Когда пишешь о событиях двухсотлетней давности, то порой возникает необходимость посоветоваться с профессиональным историком. И тогда я звоню в Екатеринбург своему другу Алексею Геннадьевичу Мосину. Мне кажется, что он как профессор-историк куда ближе к 1812 году, чем я. Но иногда Алексей уезжает в деревню Волыны, туда не дозвониться, и тогда я иду в маленький парк, что виднеется с моего восьмого этажа.
Там я встречаюсь с двумя очевидцами событий 1812 года. Они всегда являются раньше меня. И вечно они вместе — видно, не могут друг без друга.
Жаль, что им нельзя задать конкретный вопрос, навести справку. Нет, они хорошо слышат, и с памятью у них все в порядке. Но они — деревья. Две липы, каждая — в три обхвата. Их кроны смешиваются, сплетаются в небе, образуя непроницаемый шатер. Сколько раз мне приходилось пережидать дождь под этим шатром, и ни разу даже капли не падало на меня.
Мне кажется, что деревья понимают нас куда лучше, чем мы их. Лиственный язык остается для нас тайной, из чего можно заключить, что мы существа весьма дремучие и неотесанные.
Впрочем, о чем-то мы догадываемся. В могучем и нежном шелесте лип нам слышится шелест Большого времени. Чтобы прикоснуться к 1812 году, не надо ничего фантазировать — достаточно приложить ладонь к стволу трехсотлетней липы.
Конечно, найти таких старушек в Москве почти невозможно. На всю столицу остался, кажется, лишь один тополь, видевший Александра I и Наполеона. Он растет на Старом Арбате, во дворе библиотеки «Дом А. Ф. Лосева». Елена Тахо-Годи рассказывала мне, как уже слепой Алексей Федорович подходил к тополю, прижимал к нему ладонь и они о чем-то неслышно беседовали…
Давно погибли Филемон и Бавкида[423] — липы, которые росли в маленьком саду Ивана Ивановича Дмитриева (тогда, еще до пожара Москвы, он жил близ Красных ворот, в приходе Харитония в Огородниках).
Вослед Ивану Ивановичу я тоже решил дать имена «своим» липам и назвал их Психеей и Амуром. Тому есть веские, по-моему, основания.

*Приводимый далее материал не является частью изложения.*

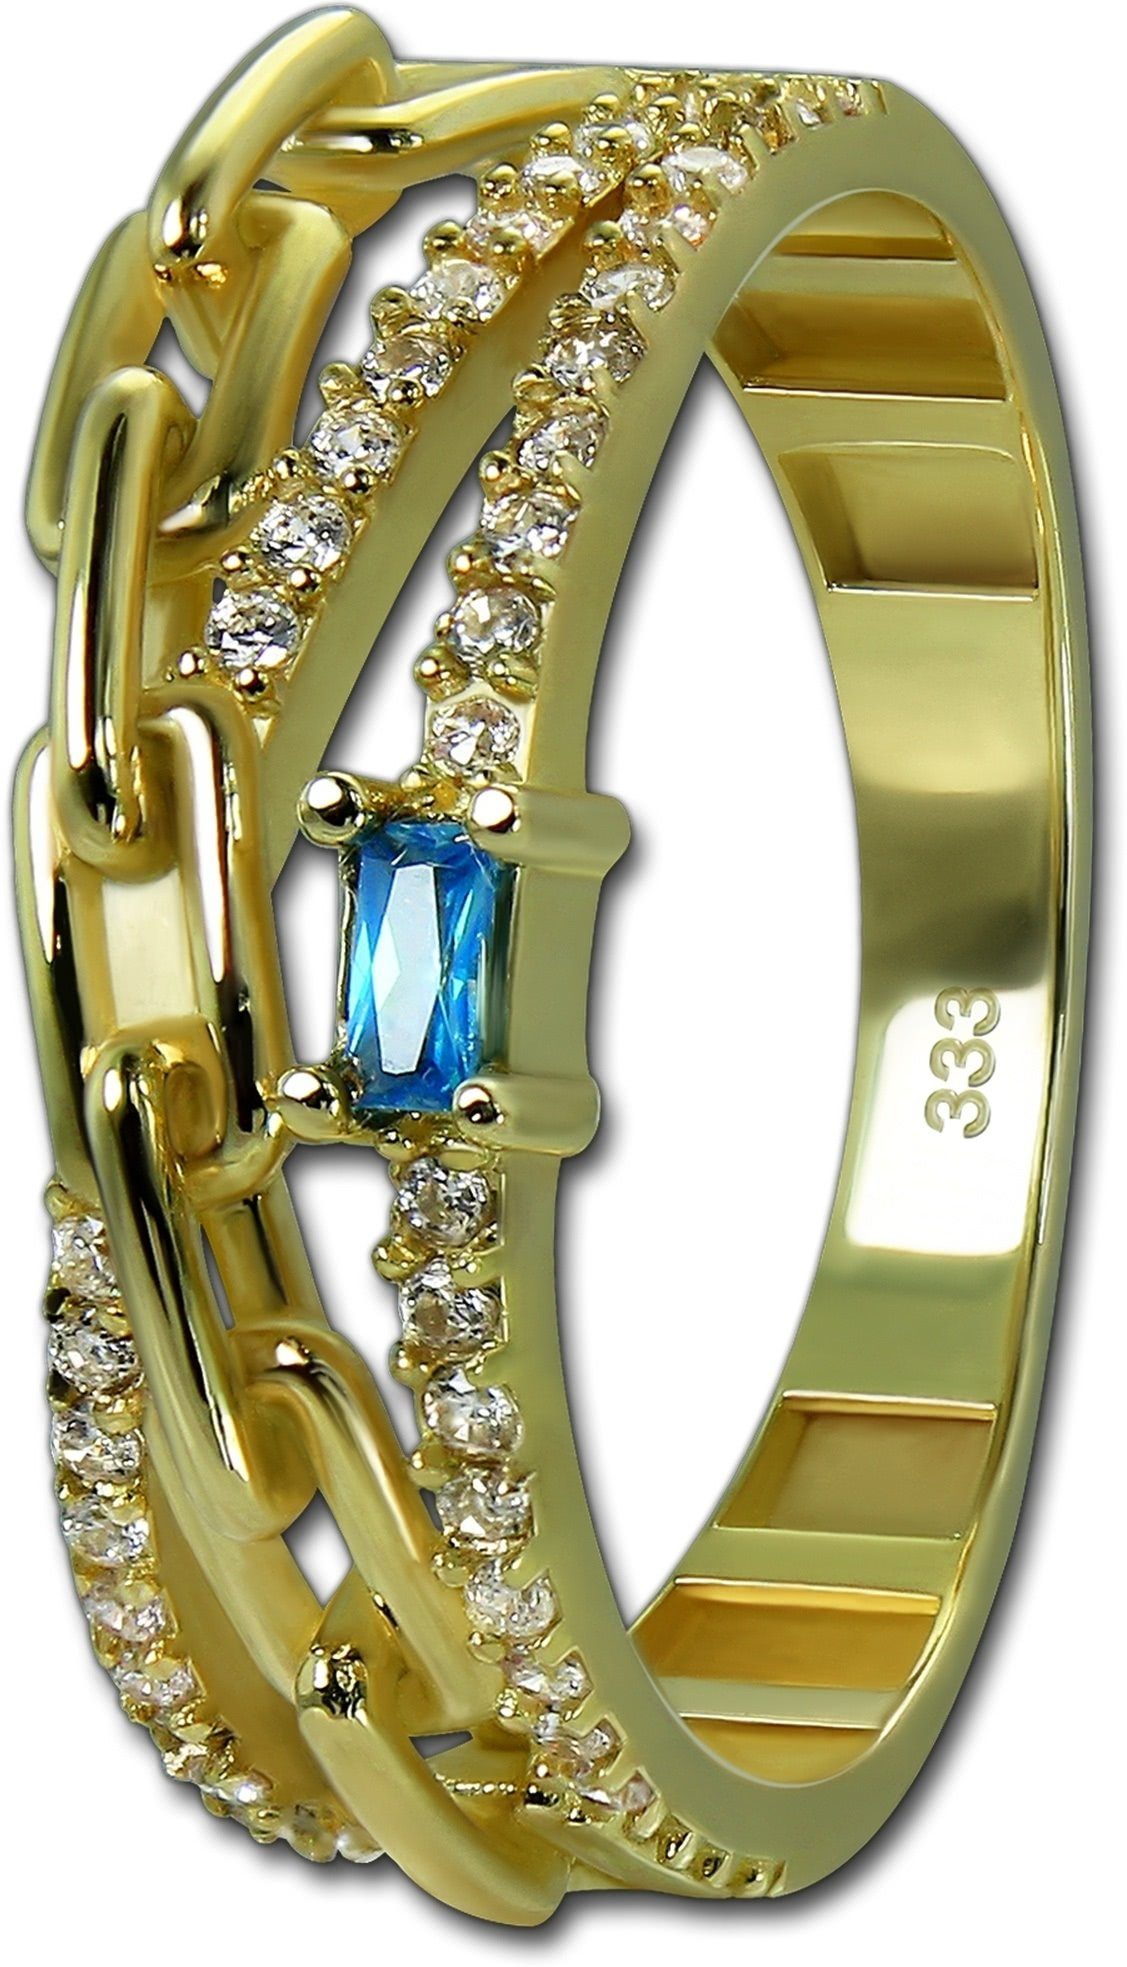 GoldDream Ring Ring Gr.58 333er hellblau Glamour Damen GoldDream Gelbgold Echtgold, gold, weiß, Goldring (Fingerring), Glamour Gold

Два века назад в наших местах (сегодня уже почти сомкнувшихся новой застройкой с Москвой) на высоком берегу Клязьмы располагалось село Спасское, родовая вотчина князя Николая Борисовича Юсупова. Здесь, в семейном склепе, были похоронены его мать и старшая сестра. Рядом, годы спустя, упокоятся он сам, его сын Борис и первая жена сына Прасковья Щербатова…
Неподалеку от храма Спаса Нерукотворного Образа, в окружении лип, стояла деревянная усадьба. В гостиной горел камин, в покоях висели портреты. Во дворе стояли на лафетах пушки, свистел и переливался голосами вольер с заморскими птицами, цвели по весне вишневые оранжереи. Но по сравнению с Архангельским, русским Версалем, здесь все было скромно, почти аскетично.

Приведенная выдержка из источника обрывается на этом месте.